Но есть переводы другого рода, другого толка. Русская школа поэтического перевода, начиная с Пушкина и Жуковского и кончая современными советскими поэтами, дает блистательные образцы творческого «усвоения» родной речью большинства лучших явлений поэзии иных языков. Эти переводы прочно вошли в богатейший, разнообразнейший фонд отечественной поэзии, стали почти неразличимыми в ряду её оригинальных созданий и вместе с ними составляют её заслуженную гордость и славу.
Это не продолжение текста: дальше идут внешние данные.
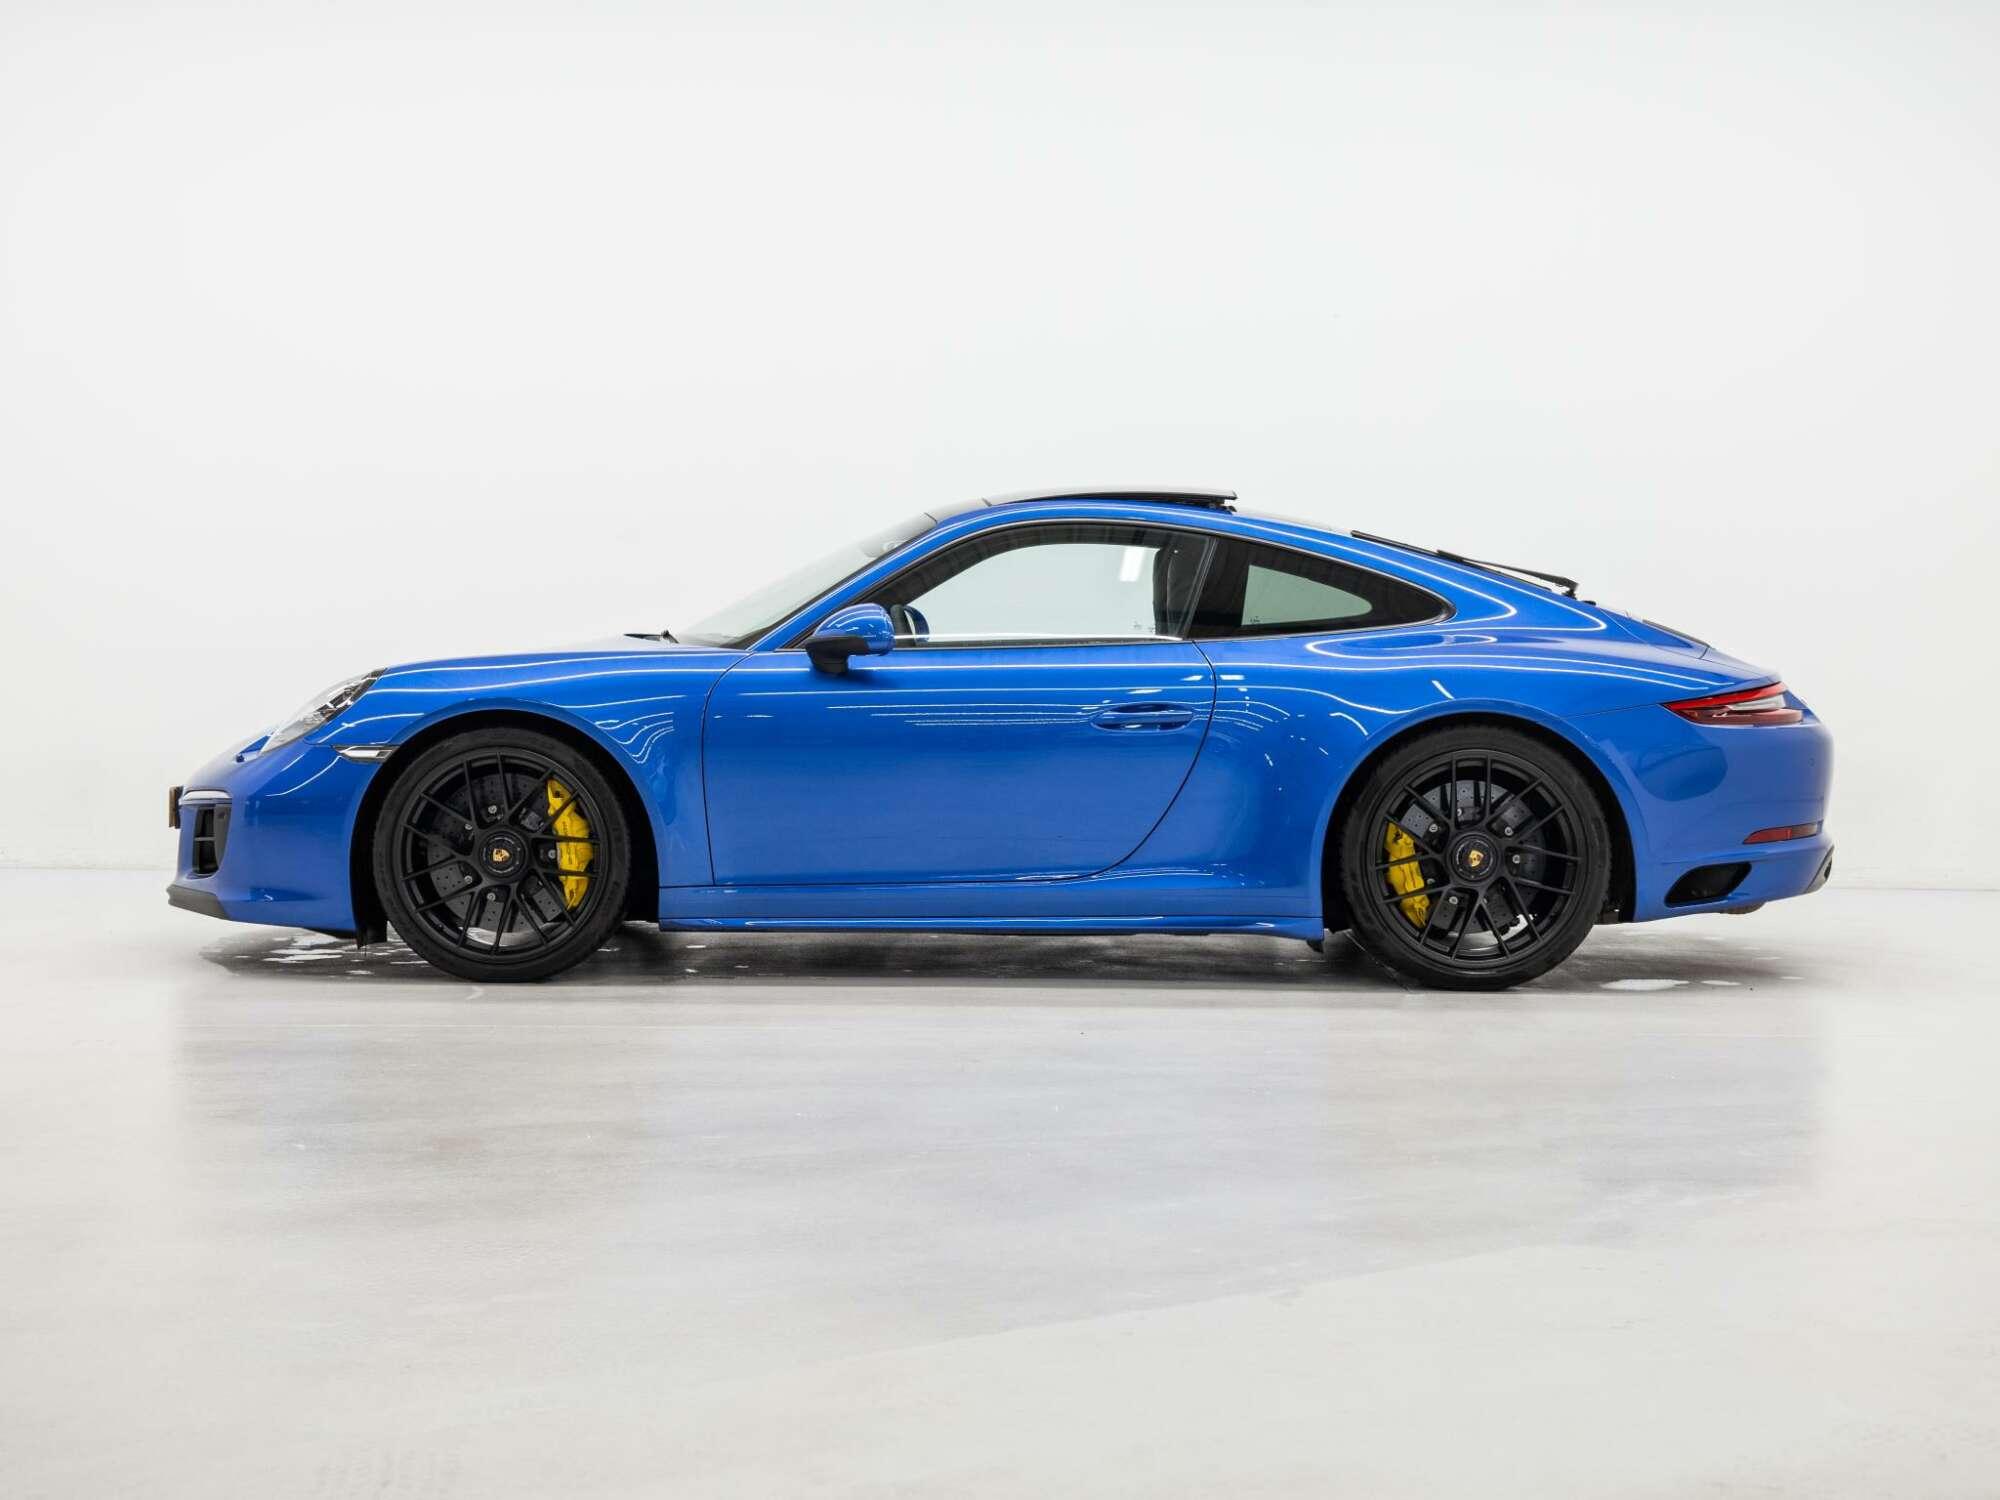 Porsche 991.2 Carrera 4 GTS

И нам даже не всякий раз приходит на память, что это переводы, когда мы читаем или слушаем на родном языке, к примеру, такие вещи, как «Будрыс и его сыновья» Мицкевича (Пушкин); «Горные вершины…» Гете и «На севере диком…» Гейне (Лермонтов); «На погребение Джона Мура» («Не бил барабан перед смутным полком…» ) Вольфа (И. Козлов); песни Беранже (В. Курочкин) и многие, многие другие. При восприятии таких поэтических произведений, получивших свое, так сказать, второе существование и на нашем родном языке, мы меньше всего задумываемся над тем, насколько они «точны» в отношении оригинала.
Допустим, я, читатель, не знаю языка оригинала, но данное произведение на русском языке волнует меня, доставляет живую радость, воодушевляет силой поэтического впечатления, и я не могу предположить, что в оригинале это не так, а как-нибудь иначе, — я принимаю это как полное соответствие с оригиналом и отношу признательность и восхищение к автору перевода так же, как и к автору оригинала, — они для меня как бы одно лицо.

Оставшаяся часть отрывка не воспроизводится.